26-107 Estimation of pollutant emissions from space using deep Learning

  • Ph.D., 36 months
  • Full-time
  • Experience: no preference
  • MBA
  • Atmospheric Composition & Climate

Mission

The important industrialization and urbanization of the society, started in the 20th century, has led to an unprecedented increase in anthropogenic emissions of pollutants. As a result, air pollution represents the biggest environmental risk to health according to the World Health Organization, with around 3 million deaths per year attributable solely to ambient (outdoor) air pollution. To tackle this air quality (AQ) issue, efforts have been made worldwide to progressively apply emission regulations.

Knowing precisely anthropogenic pollutant emissions at high spatial and temporal resolution over sufficiently long period (several years/decade) is essential to understand and quantify the implication of changing emissions on atmospheric chemistry and climate, both in terms of trends and abrupt changes (e.g. pandemic, economic or geopolitical crises). It is also crucial to evaluate the effectiveness of emission regulations, improve medium and long-term mitigation strategies at country level, and improve short-term forecasting and adaptation capabilities to AQ issues. Existing emission inventories are usually built from officially reported emissions based on self-declarations by emitters, and statistical information aggregated at the national and annual levels. This leads to trust issues, non-negligible uncertainties (from 20-30% to 300% depending on pollutants) and the time needed to collect all the necessary data limits the fast update of the inventories being used in AQ simulation and forecasting systems.

Improvements in satellite remote sensing of pollutants e.g. with the current Sentinel 5 Precursor (S5P), and the newly launched Sentinels 4 and 5, appear to be a game changer to better estimate pollutant emissions. Indeed, the unprecedented spatial and temporal coverage and resolution of these satellite observations, combined with data assimilation techniques, paves the way to provide corrected emissions of the inventories on a daily-to-hourly basis. One of the main challenges is to manage and exploit the large amount of data at high resolution provided by these satellites. The main objective of the PhD project is to explore deep learning approaches to build a system able to better estimate pollutant emissions at high spatial and temporal resolution with a near-real-time processing capability.

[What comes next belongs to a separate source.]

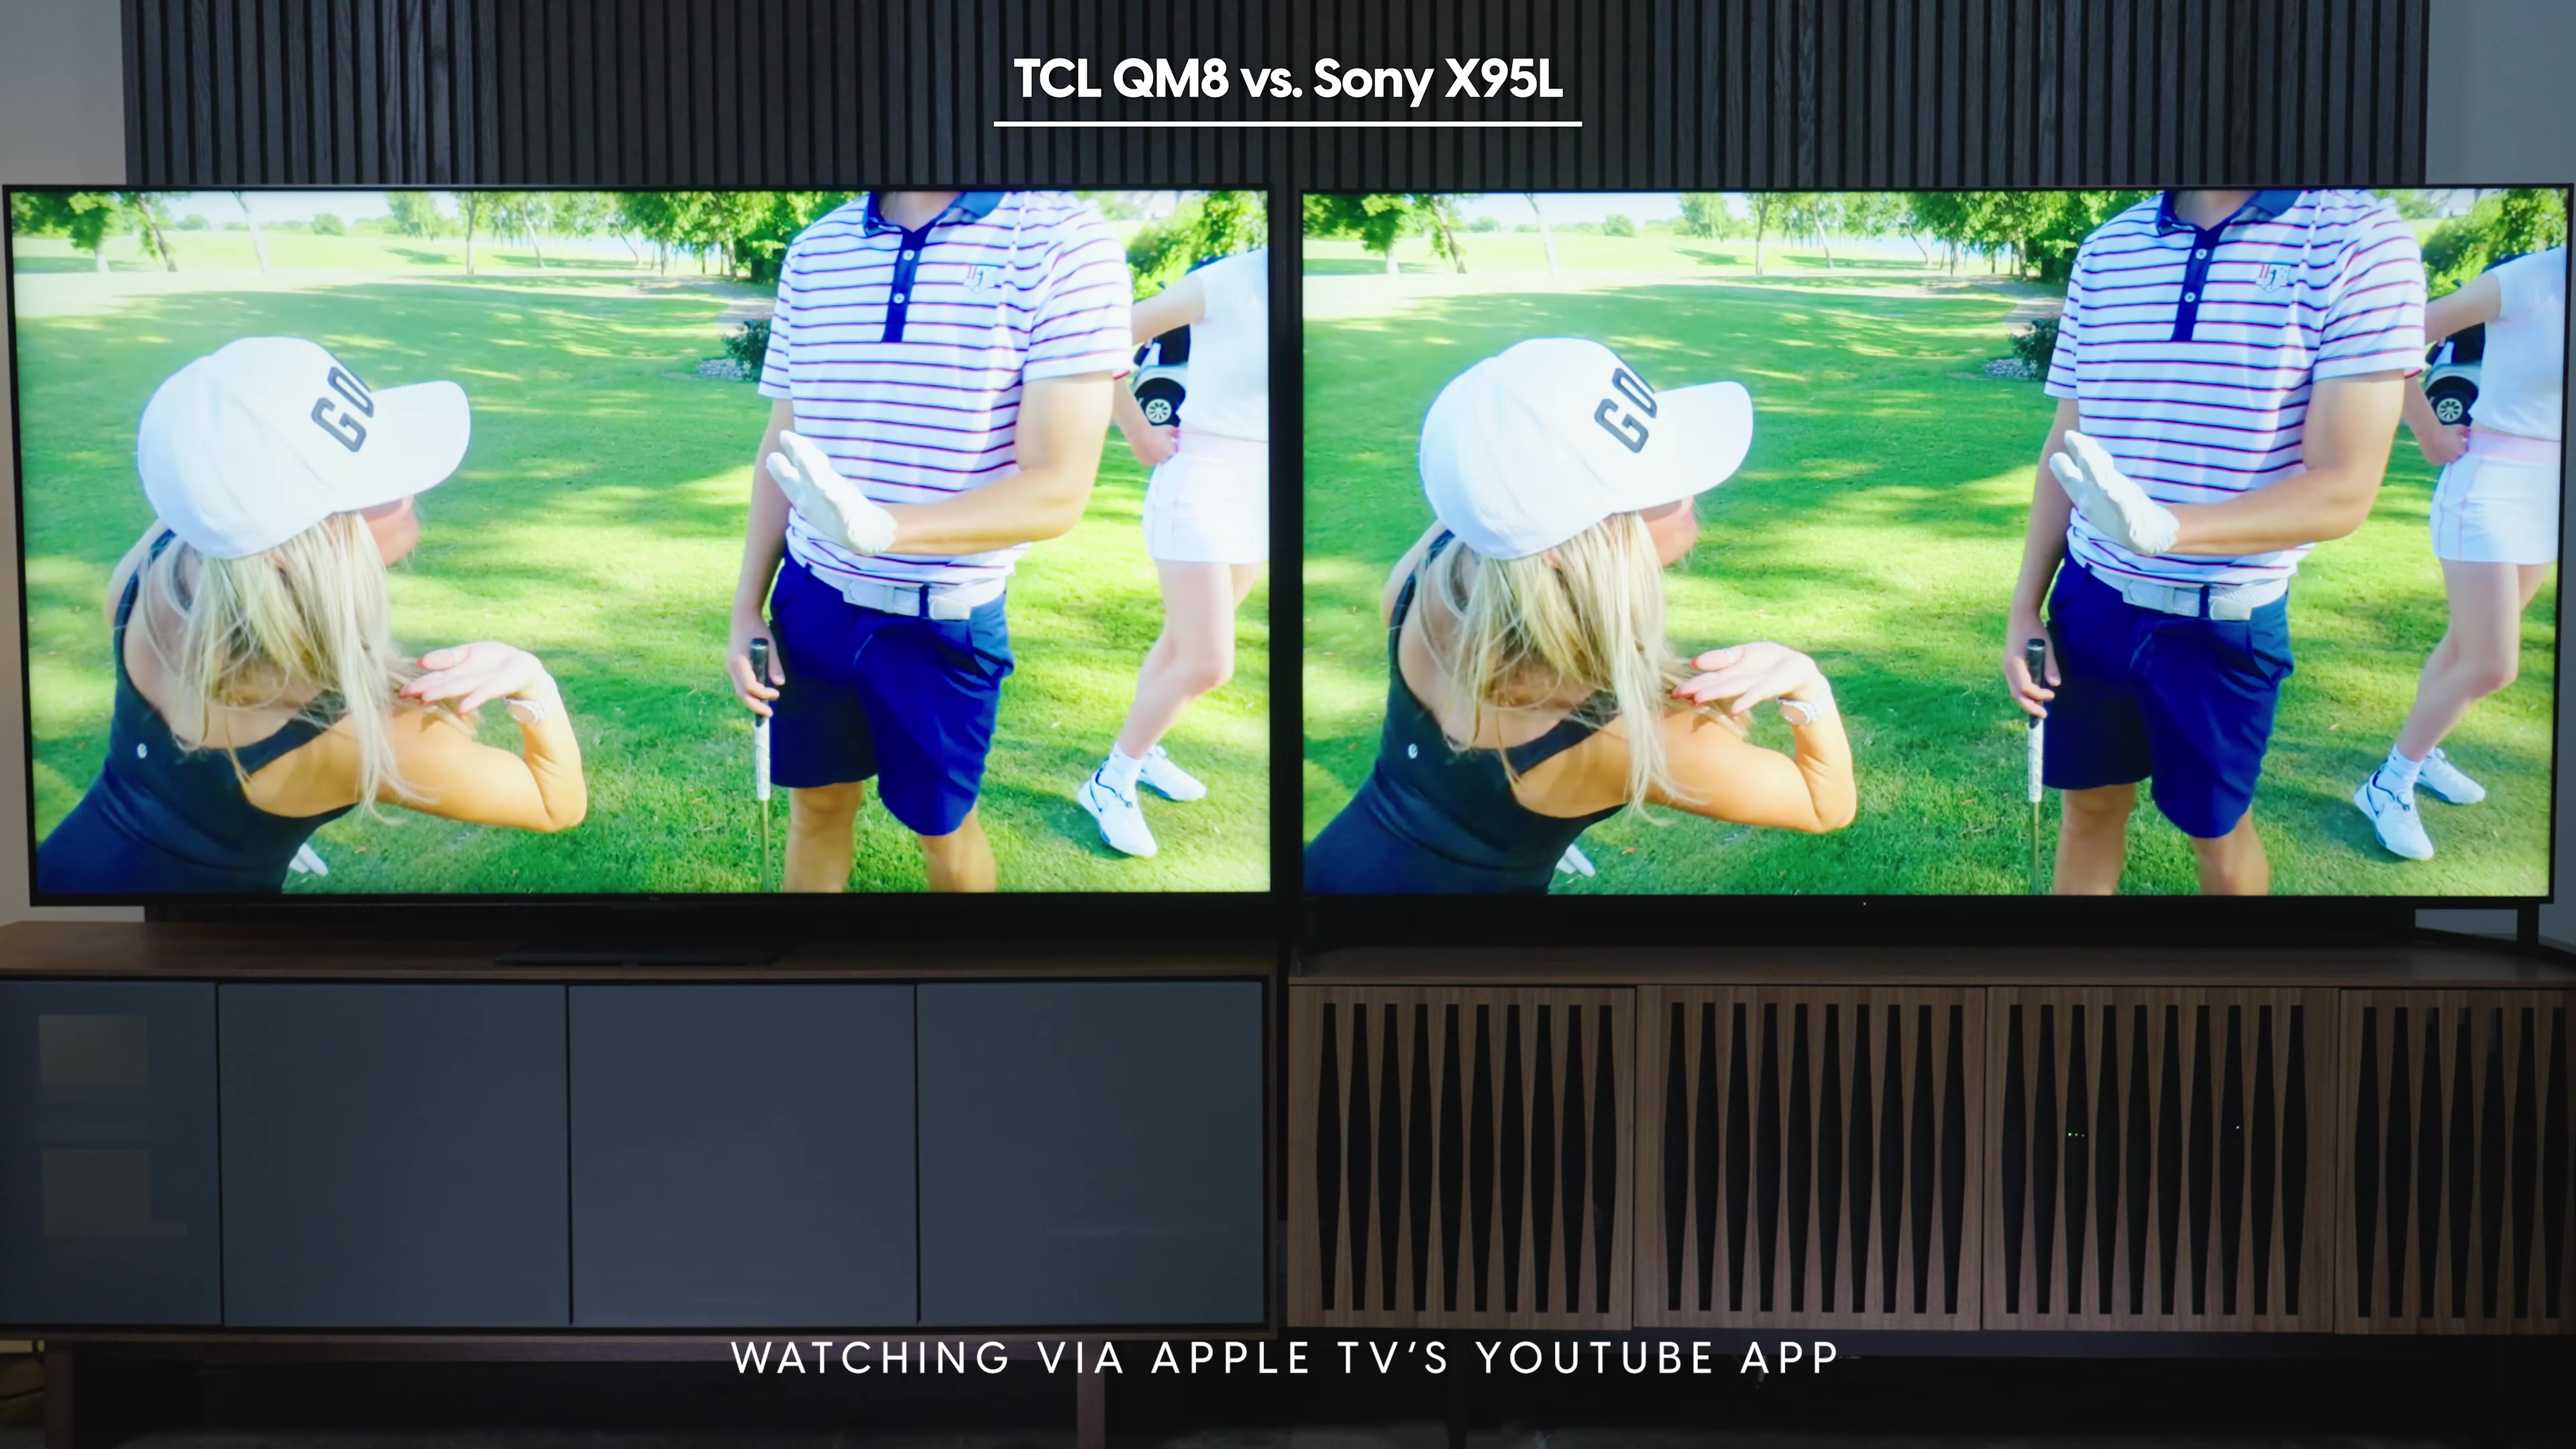 Comparación lado a lado de una captura de pantalla del canal Good Good Golf en la aplicación YouTube de Apple TV mostrada en el Sony Bravia X95L frente al TCL QM8.

The PhD student will be responsible for developing a multi-task deep-learning framework able to infer (i) total emission at the pixel resolution for pollutants of interest and (ii) disentangle the contribution of each emission sector (traffic, residential, industry, etc). To this end, we propose to explore several deep learning-based approaches. As the task can be seen as a spatial regression, we propose to develop an architecture based on segmentation approaches, such as UNet or UperNet. We will also explore the use of pre-trained, EO-oriented foundation models, such as DOFA or ESA’s TerraMind. This exploration will leverage current developments of such a framework to predict total NOx emissions from NO2 satellite images. The challenge and novelty of the PhD is to build a system able to separate information from the different sources using space-based observations of atmospheric concentrations. The relationship between emissions and atmospheric concentrations will be learned from the chemistry-transport model CHIMERE including meteorological information. An ensemble of simulations with perturbed sectoral emissions will be generated and used as training set. 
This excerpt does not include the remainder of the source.